12.1. Governing Law: These Affiliate Terms shall be governed by and construed in accordance with the laws of the State of Delaware, without regard to its conflict of law provisions.
12.2. Jurisdiction: Any legal action or proceeding arising out of or relating to these Affiliate Terms shall be instituted in the state or federal courts located in Delaware, and each party irrevocably submits to the exclusive jurisdiction of such courts in any such action or proceeding.

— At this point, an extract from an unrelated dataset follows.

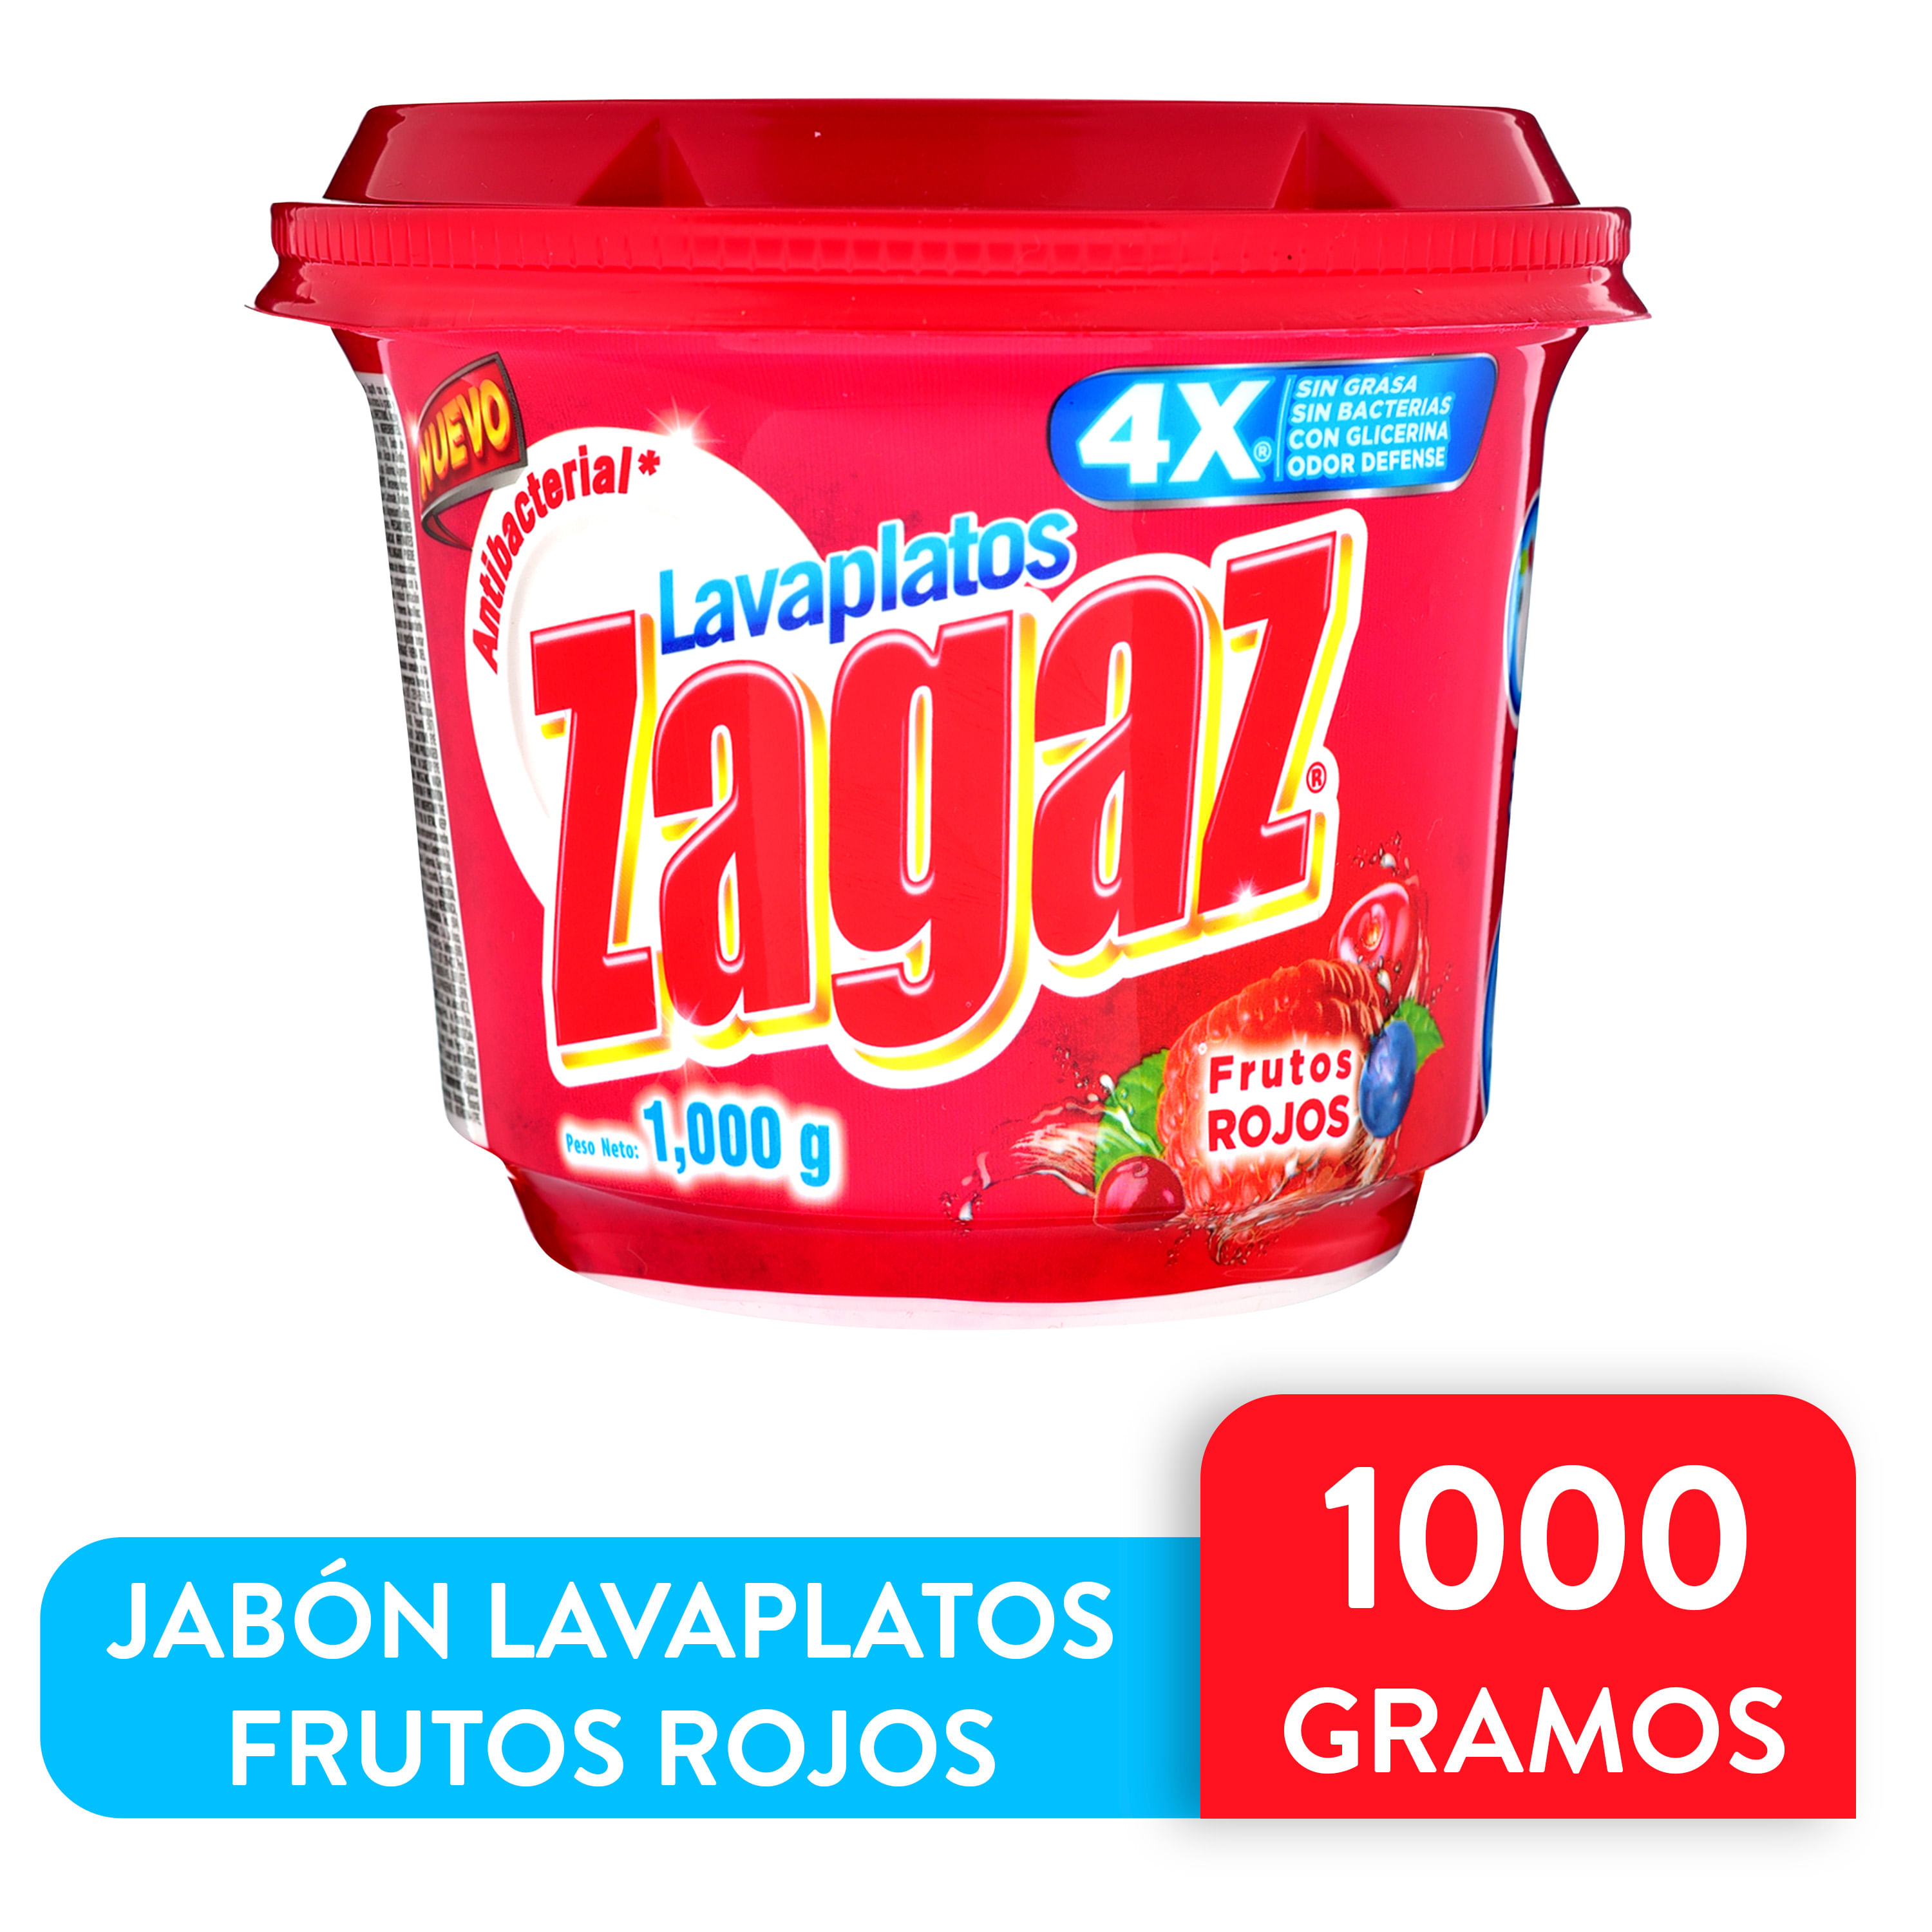 Lavaplatos-Zagaz-Frutos-Rojos-1000gr-1-32330
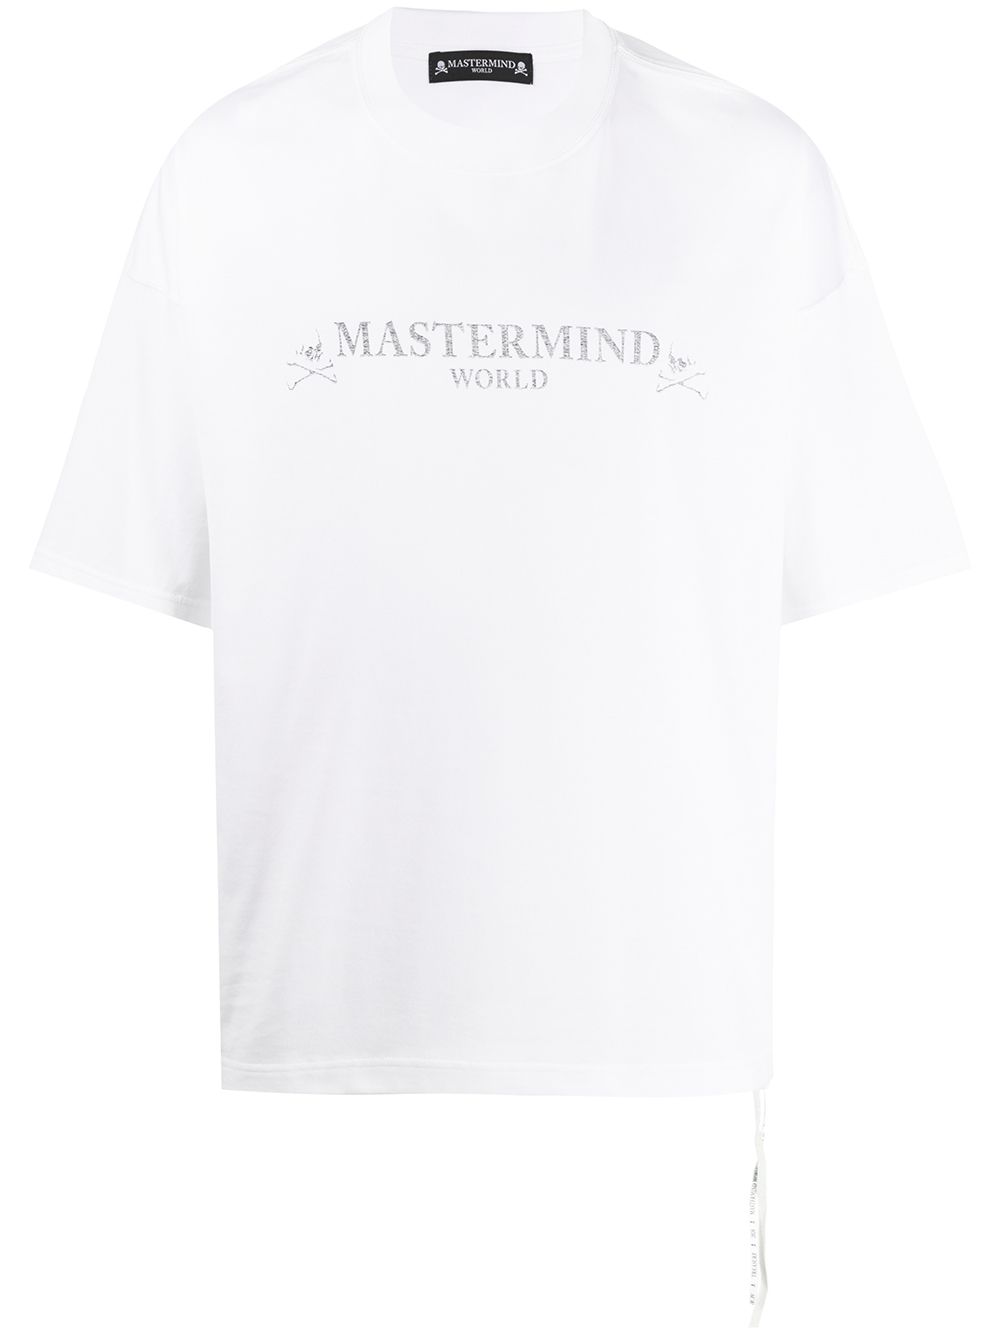 фото Mastermind world футболка оверсайз с логотипом

12.3. Arbitration: Notwithstanding the foregoing, any controversy or claim arising out of or relating to these Affiliate Terms, or the breach thereof, shall be settled by arbitration administered by the American Arbitration Association in accordance with its Commercial Arbitration Rules, and judgment on the award rendered by the arbitrator(s) may be entered in any court having jurisdiction thereof. The place of arbitration shall be Seattle, Washington.
12.4. Class Action Waiver: The parties agree that any arbitration shall be limited to the dispute between the parties individually. To the full extent permitted by law, (a) no arbitration shall be joined with any other; (b) there is no right or authority for any dispute to be arbitrated on a class-action basis or to utilize class action procedures; and (c) there is no right or authority for any dispute to be brought in a purported representative capacity on behalf of the general public or any other persons.
12.5. Exceptions to Arbitration: Notwithstanding the parties' agreement to resolve all disputes through arbitration, either party may seek relief in a small claims court for disputes or claims within the scope of that court's jurisdiction.
12.6. Right to Injunctive Relief: Nothing in this section shall be deemed as preventing either party from seeking injunctive or other equitable relief from the courts as necessary to prevent the actual or threatened infringement, misappropriation, or violation of that party's data security, intellectual property rights, or other proprietary rights.